Primary LanguagePython

deepRAM

deepRAM is an end-to-end deep learning toolkit for predicting protein binding sites and motifs. It helps users run experiments using many state-of-the-art deep learning methods and addresses the challenge of selecting model parameters in deep learning models using a fully automatic model selection strategy. This helps avoid hand-tuning and thus removes any bias in running experiments, making it user friendly without losing its flexibility.
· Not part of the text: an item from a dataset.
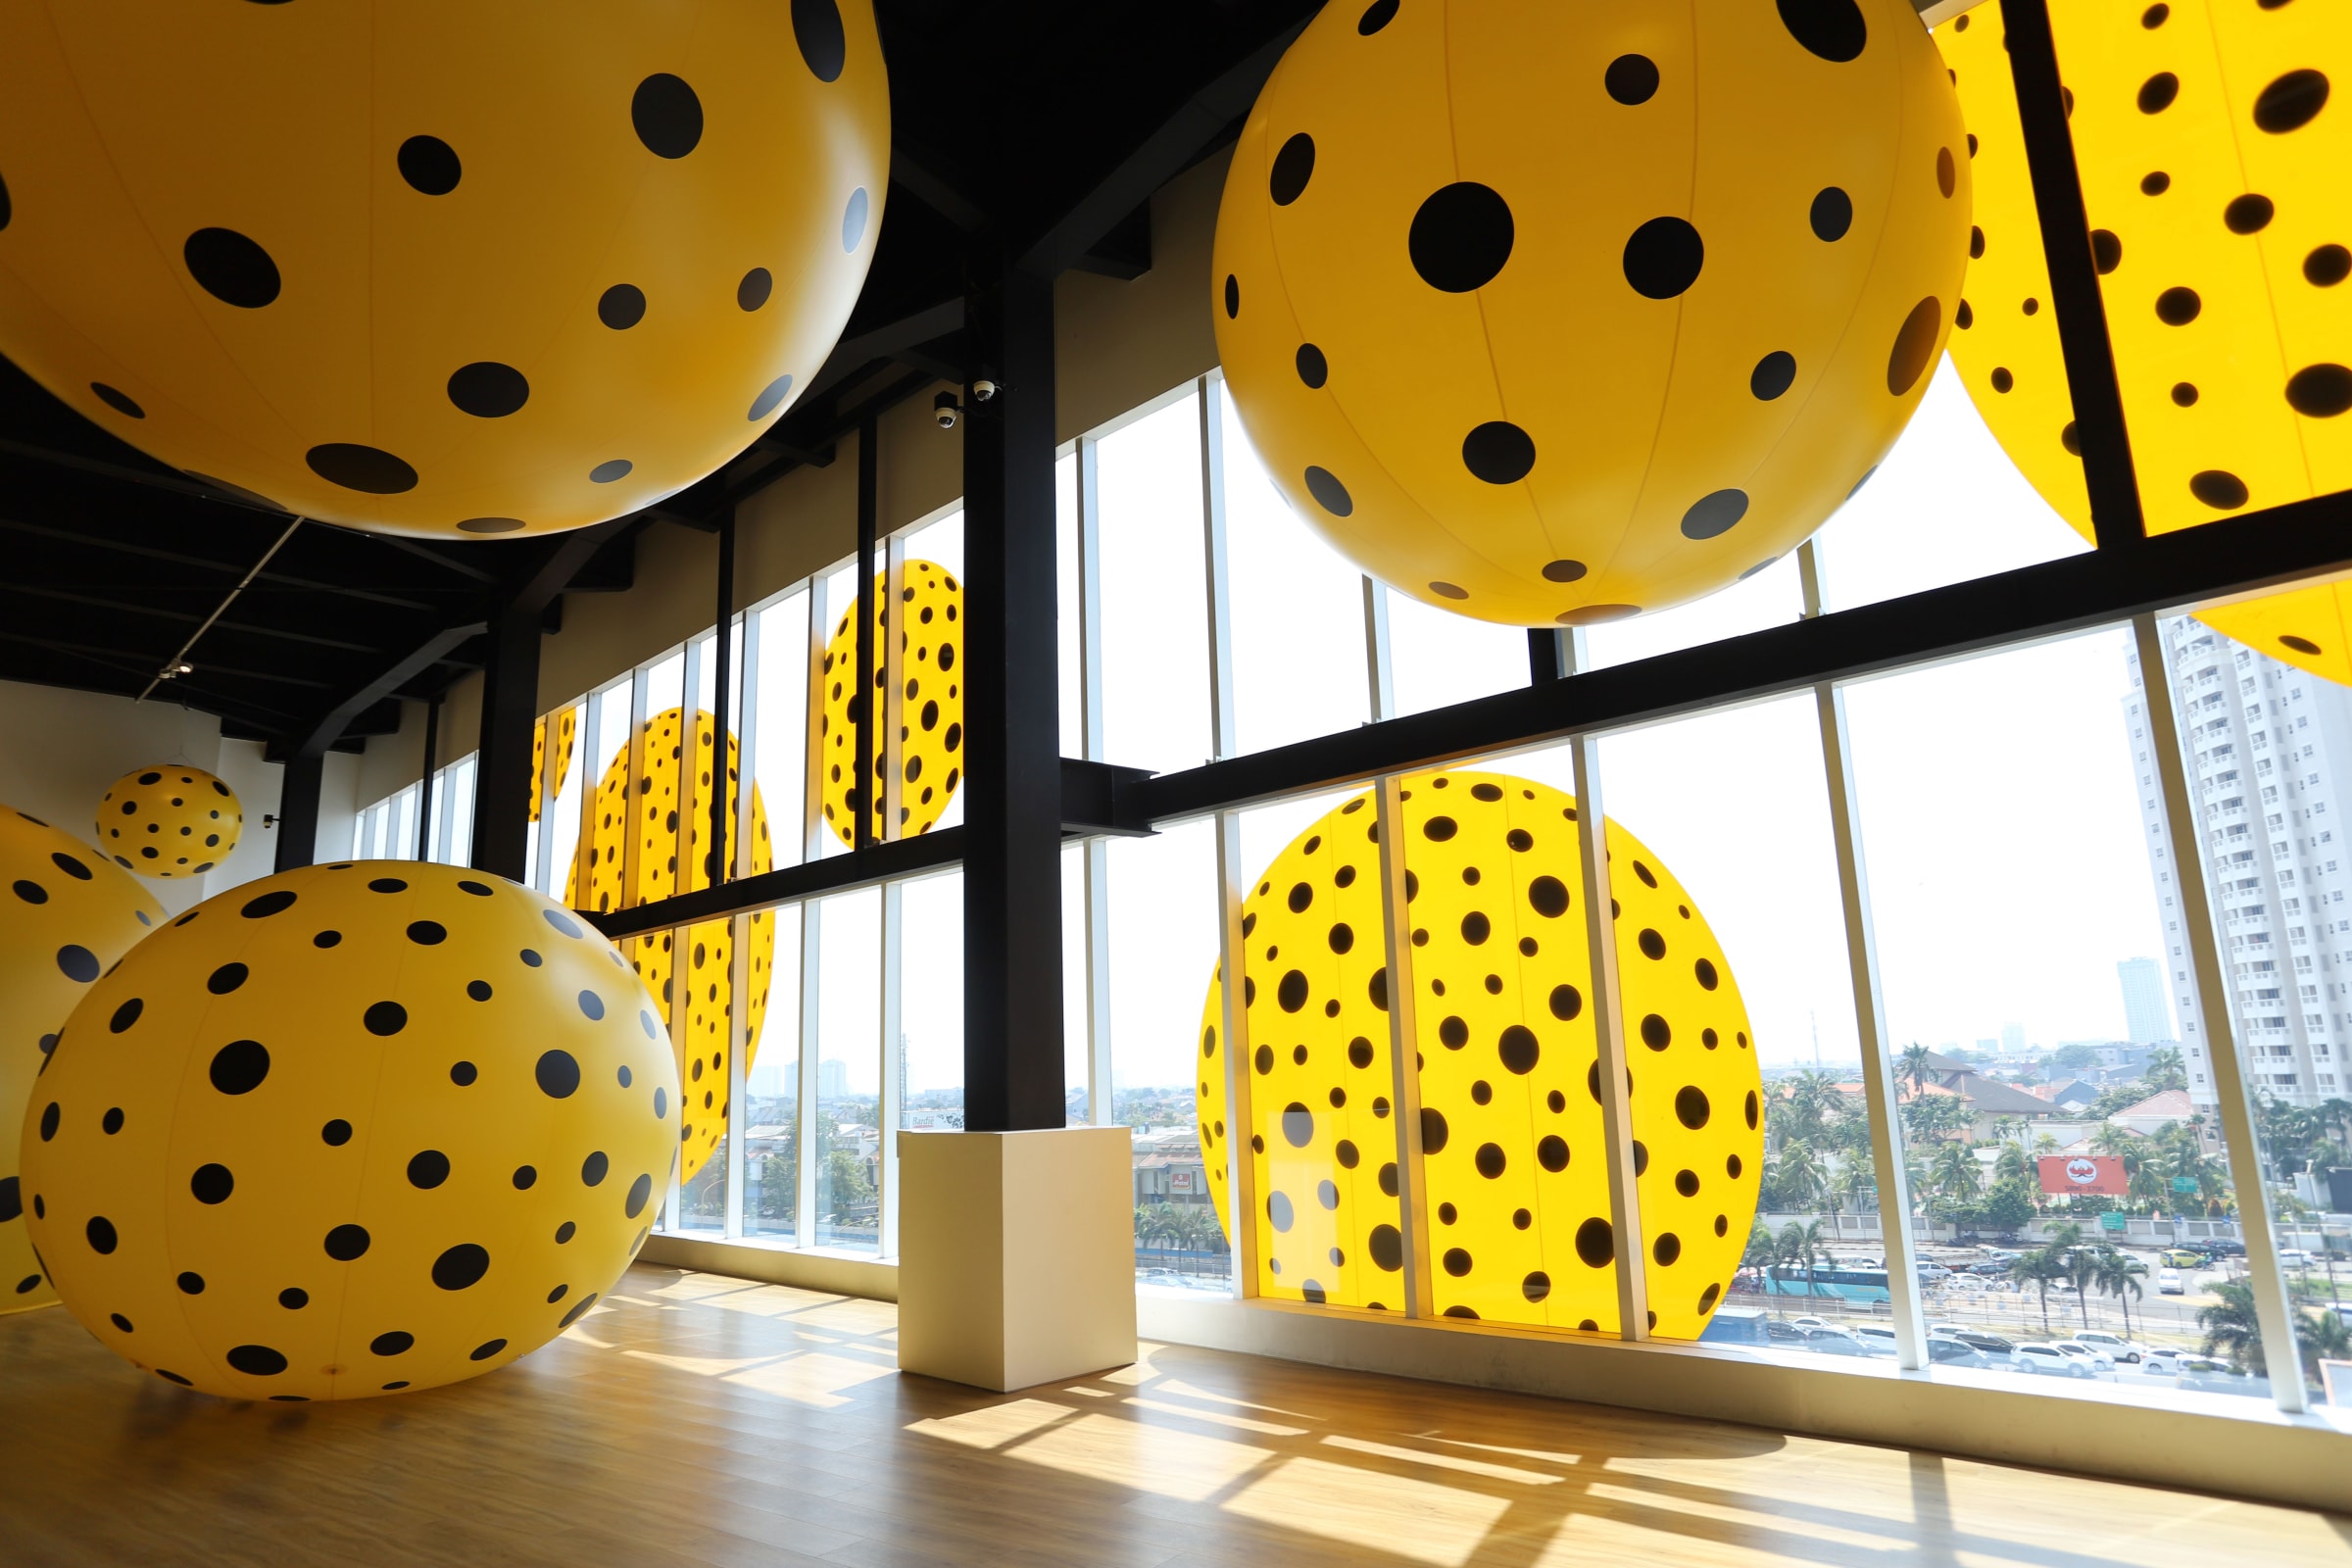 Artist of the day: Artist of the day, August 24: Yayoi Kusama, Japanese  painter, sculptor and novelist
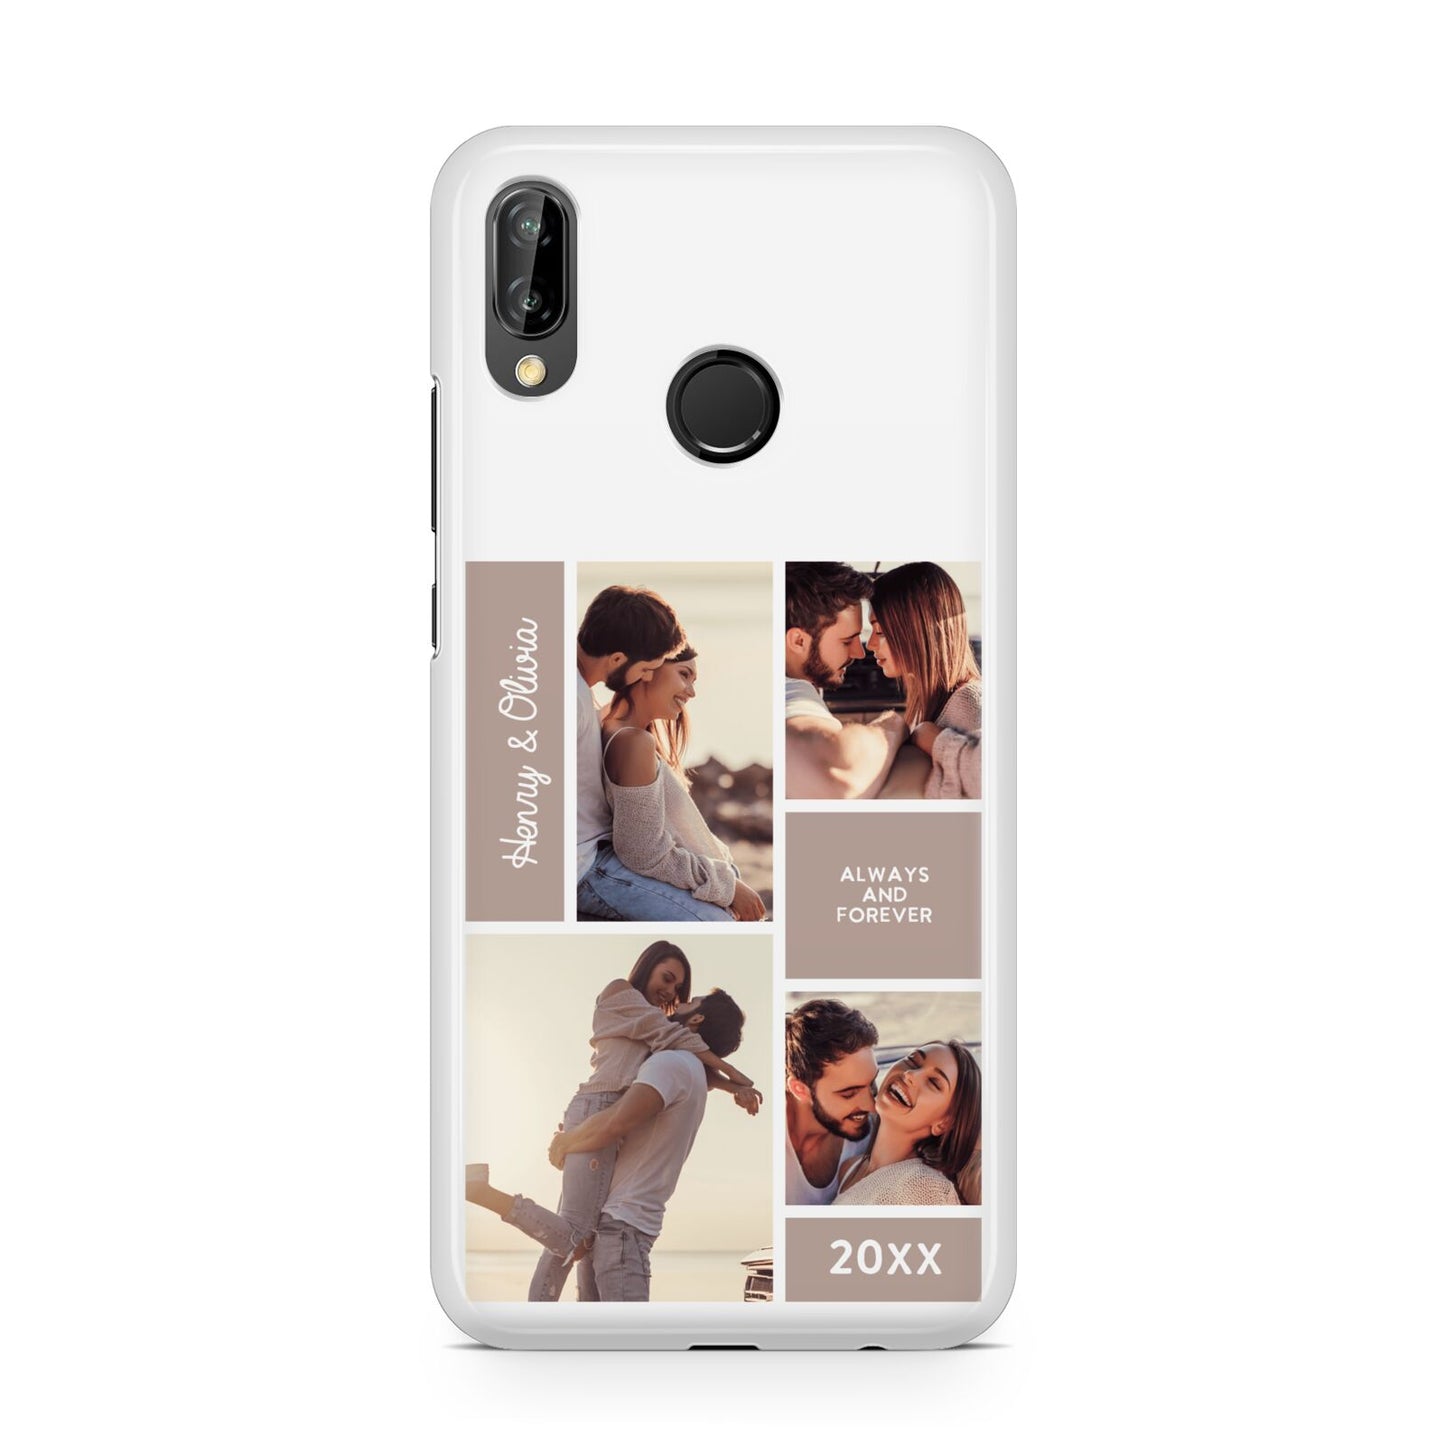 Couples Valentine Photo Collage Personalised Huawei P20 Lite Phone Case

While it was designed with ChIP-seq and CLIP-seq data in mind, it can be used for any DNA/RNA sequence binary classification problem.

deepRAM allows users the flexibility to choose a deep learning model by selecting its different components: input sequence representation (one-hot or k-mer embedding), whether to use a CNN and how many layers, and whether to use an RNN, and the number of layers and their type. For CNNs, the user can choose to use dilated convolution as well.

Dependency

We recommend to use Anaconda 3 platform.

Usage

usage: deepRAM.py [-h] [--train_data TRAIN_DATA] [--test_data TEST_DATA]
                  [--data_type DATA_TYPE] [--train TRAIN]
                  [--predict_only PREDICT_ONLY]
                  [--evaluate_performance EVALUATE_PERFORMANCE]
                  [--models_dir MODELS_DIR] [--model_path MODEL_PATH]
                  [--motif MOTIF] [--motif_dir MOTIF_DIR]
                  [--tomtom_dir TOMTOM_DIR] [--out_file OUT_FILE]
                  [--Embedding EMBEDDING] [--Conv CONV] [--RNN RNN]
                  [--RNN_type RNN_TYPE] [--kmer_len KMER_LEN]
                  [--stride STRIDE] [--word2vec_train WORD2VEC_TRAIN]
                  [--word2vec_model WORD2VEC_MODEL]
                  [--conv_layers CONV_LAYERS] [--dilation DILATION]
                  [--RNN_layers RNN_LAYERS]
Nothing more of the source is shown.